What is Active Learning and Why Should You Care?

Disclaimer

This article is a gentle (and almost math-free) introduction to Active Learning. The point is to give you an overview of what Active Learning is, why it is interesting, where it comes from, why it is super exciting, and when it can (or not) make your life easier. Hopefully, you will leave this page with at least some of these questions answered.

Also, I could not possibly cover everything there is to say, so here is a bit of a disclaimer: this really is just an overview of the big picture (hence why it is, almost, math free). If you want to get into the practical details, I kindly direct you to the references I will cite throughout this blog.

Lastly, note that the term Active Learning is also used in the field of education and describes a methodology of teaching.
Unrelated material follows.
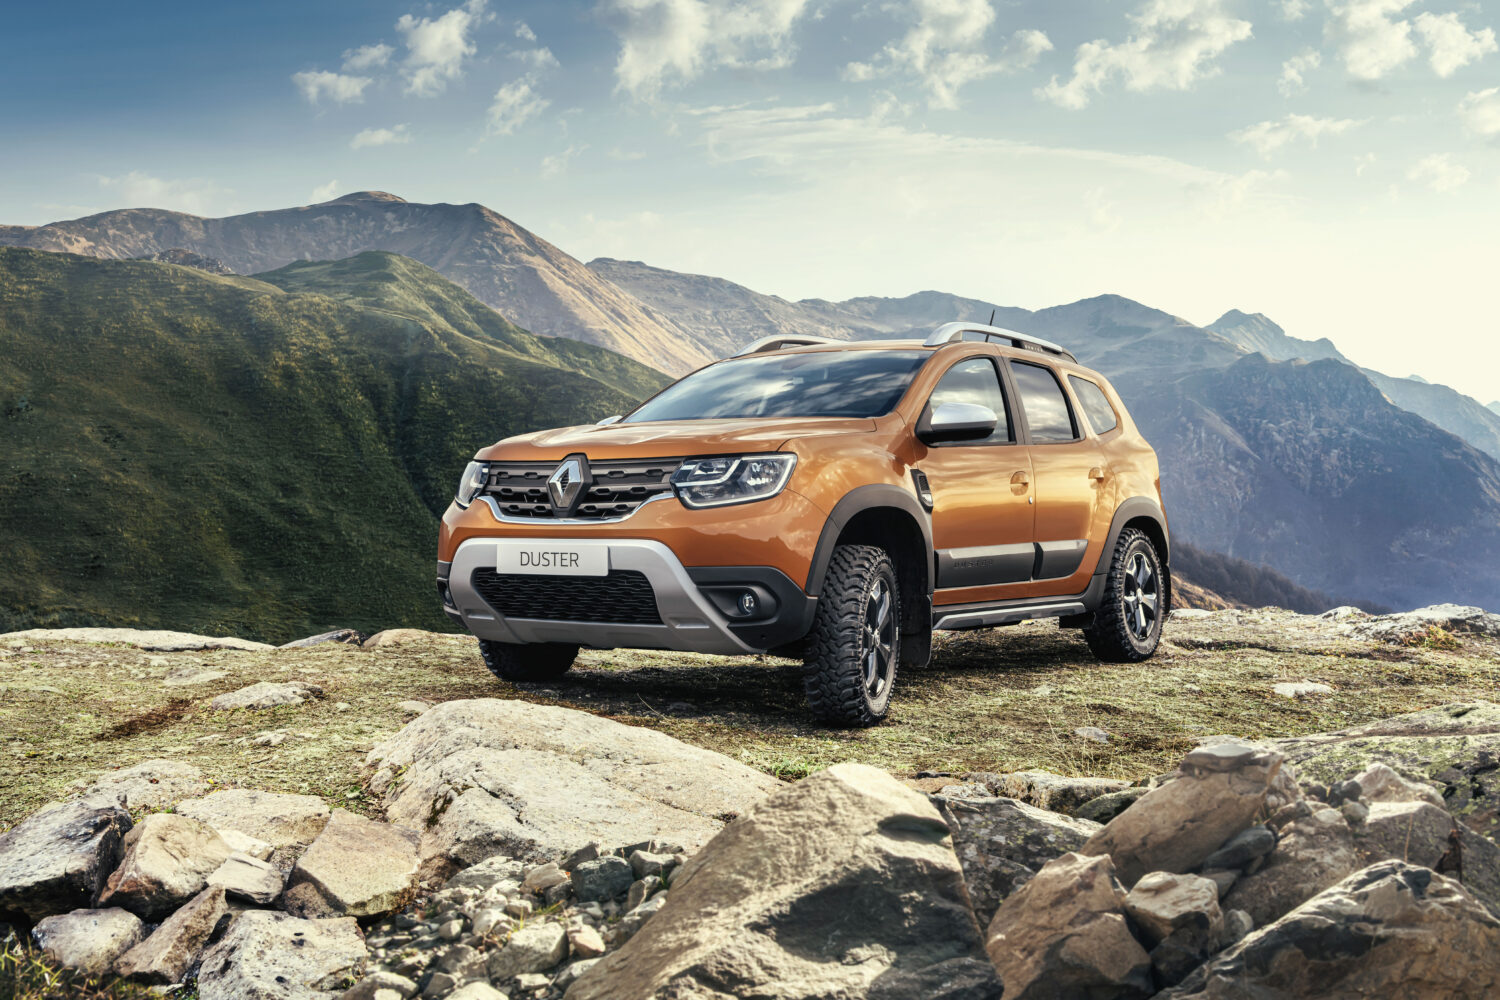 2020 - New Renault Duster

Despite the shared name and some overlap in the general motivations, Active Learning in education and Active Learning in machine learning are completely unrelated.
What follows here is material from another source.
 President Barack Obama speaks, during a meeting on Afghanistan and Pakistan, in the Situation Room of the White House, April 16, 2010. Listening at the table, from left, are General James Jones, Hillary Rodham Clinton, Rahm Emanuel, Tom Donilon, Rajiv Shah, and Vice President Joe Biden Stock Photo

So, what is Active Learning?

One thing I learned when I left academia after my PhD is that Active Learning is not a well-known topic outside of the world of Machine Learning research. It may be obvious to some, but the first thing to get out of the gate is that it is not an umbrella term for any kind of Human-in-the-Loop interactive procedure. Active Learning is a well-defined sub-field of Machine Learning interested in studying how a learning algorithm may interact with some kind of Oracle mechanism. Ironically, it is often illustrated with a Human-in-the-Loop scheme because it makes the idea of Oracle intuitive to understand. It is, however, a mostly theoretic field of research and having a human as part of its operating loop is not always the best idea, as we will see later.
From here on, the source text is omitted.